**Activity**
All of the data that follows needs to be printed again, exactly as it reads.
[Supplied material Boundary: Start]
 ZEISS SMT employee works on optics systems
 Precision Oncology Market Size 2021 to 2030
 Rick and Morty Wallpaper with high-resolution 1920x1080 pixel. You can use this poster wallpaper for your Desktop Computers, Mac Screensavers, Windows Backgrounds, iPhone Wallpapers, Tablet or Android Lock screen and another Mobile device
[Supplied material Boundary: End]
**Exercise response**
 ZEISS SMT employee works on optics systems
 Precision Oncology Market Size 2021 to 2030
 Rick and Morty Wallpaper with high-resolution 1920x1080 pixel. You can use this poster wallpaper for your Desktop Computers, Mac Screensavers, Windows Backgrounds, iPhone Wallpapers, Tablet or Android Lock screen and another Mobile device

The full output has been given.